The instrument also exhibited good reliability, as evidenced by its internal consistency indexes (Cronbach’s Alpha, McDonald’s Omega, and split-half Gutman coefficients in their ordinal version, calculated based on the polychoric correlation of the items) across the entire sample and in subsequent sub-samples stratified by gender and age. These findings align with results from prior studies involving both clinical and non-clinical samples [
2,
9,
11].
Furthermore, meaningful correlations with relevant constructs related to well-being and health were identified. The robust positive correlation with SOC and SWLS aligns with the hypothesis that the instrument can be valuable in exploring the role of bodily experiences in self-enhancement, health-promoting behavior, and coping with physical illness, as proposed by Orbach and Mikulincer [
1]. These results are in line with previous studies indicating that developing a perception of body image is essential to improve the quality of life of the population [
16]. Simultaneously, the strong positive association with self-esteem and the negative association with psychological distress support the proposition that dissatisfaction with one’s appearance may serve as a symptom of a more severe disorder. This dissatisfaction could potentially lead to a decline in overall self-esteem, contributing to feelings of alienation, depression, engagement in risky behavior, and the development of eating disorders [
15].
The I-BIS may be useful not only in assessing the effectiveness of interventions for improving body image [
52], but also in evaluating interventions and technologies aimed at promoting physical exercise [
53], given its strong relationship with a more positive body image [
16]. Additionally, it could be valuable in developing new methodologies to understand the mechanisms underlying body image disturbances and subsequently designing innovative and effective interventions [
54].
This study has several limitations that should be acknowledged. Firstly, all data were collected using self-administered instruments in a cross-sectional design. Although efforts were made to mitigate potential biases through voluntary participation and ensuring that the participants were informed in advance about data confidentiality, additional longitudinal studies would be valuable to observe the test–retest reliability of the instrument and to explore differences between body image as a state and as a trend.
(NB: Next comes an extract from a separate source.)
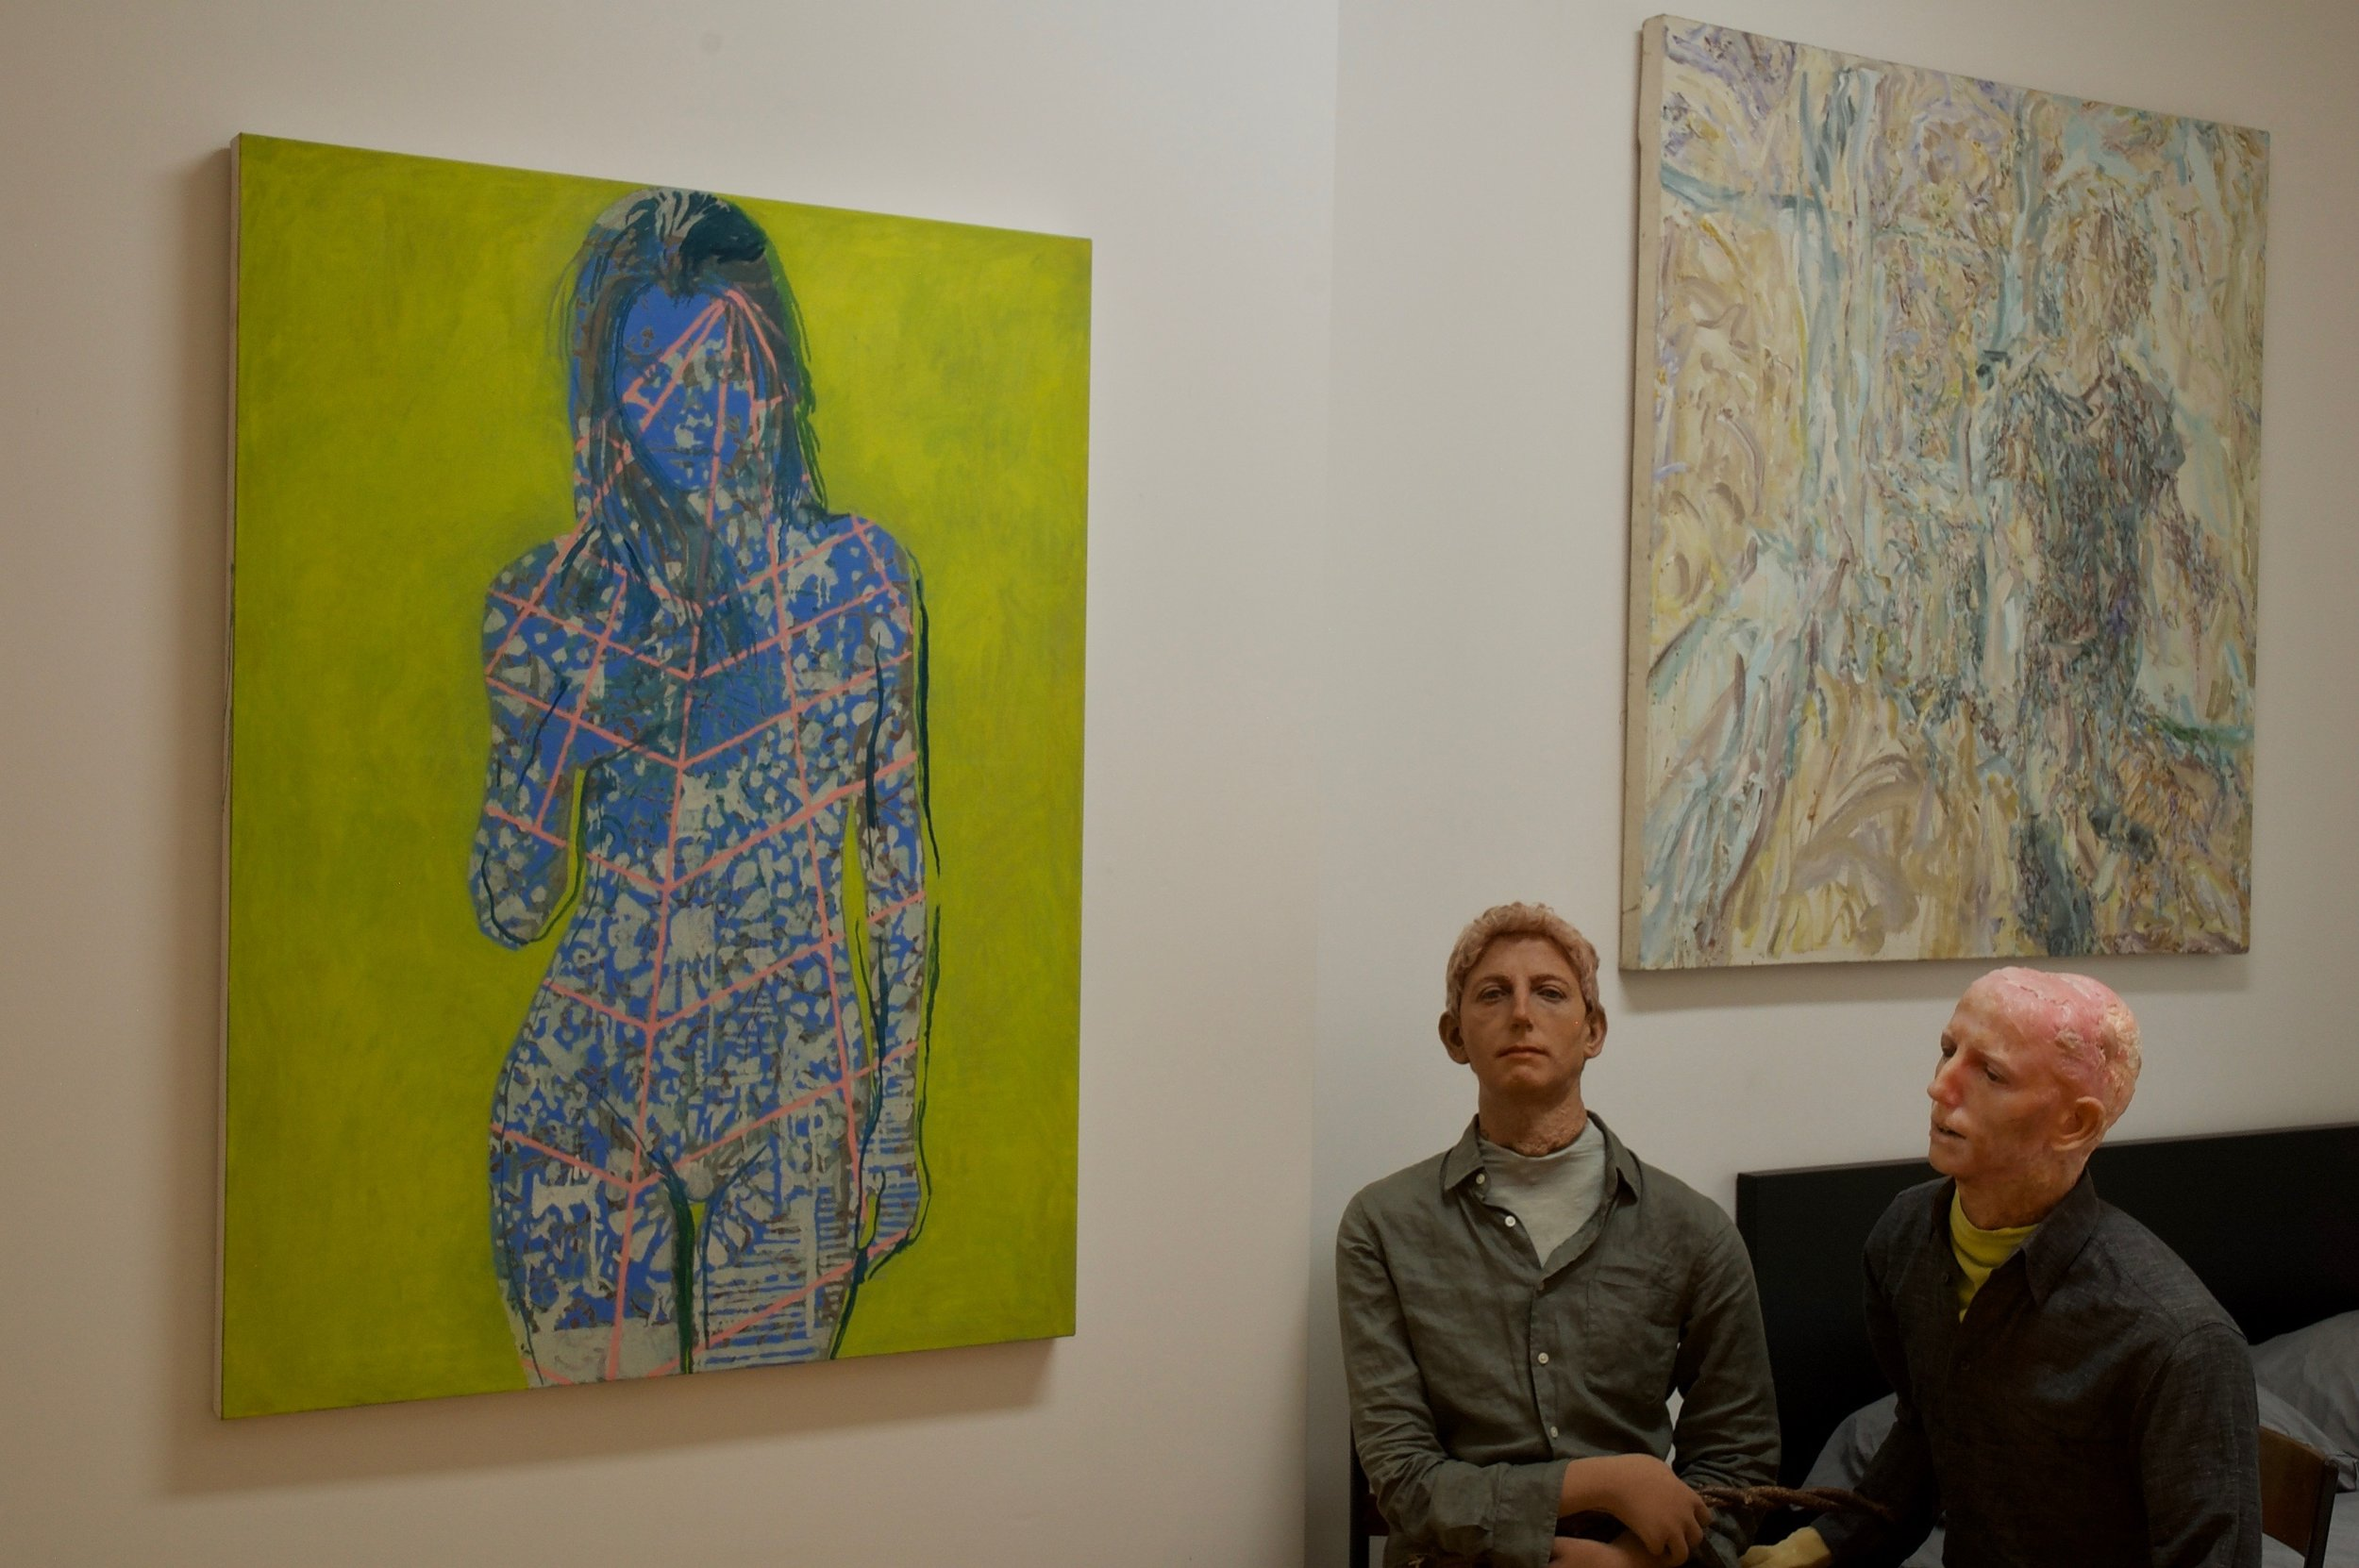 Bryan de Roo and John Mulvaney

It is important to highlight that the results stem from a sample of Spanish university students without clinical backgrounds. The applicability of these findings to other groups, including children, high school students, or employed adults, cannot be assured. Hence, additional research involving these demographics is warranted.
On the other hand, to the best of our knowledge, this is the first study to assess the psychometric properties, including factorial structure, gender- and age-invariance, and reliability, of the I-BIS extracted from the BIS developed by Orbach and Mikulincer [
1]. The results demonstrate that the instrument maintains invariance across gender and age differences, confirming its stability and applicability within the university community. Moreover, the instrument’s specificity and brevity enable its integration into more complex research, facilitating the close monitoring of mental health issues or serving as a focal point for interventions in health promotion programs.
Future research should adopt a network analysis perspective to understand the role of body feelings in connection with other psychological constructs and health behaviors, addressing the complexity of these interactions within more comprehensive models.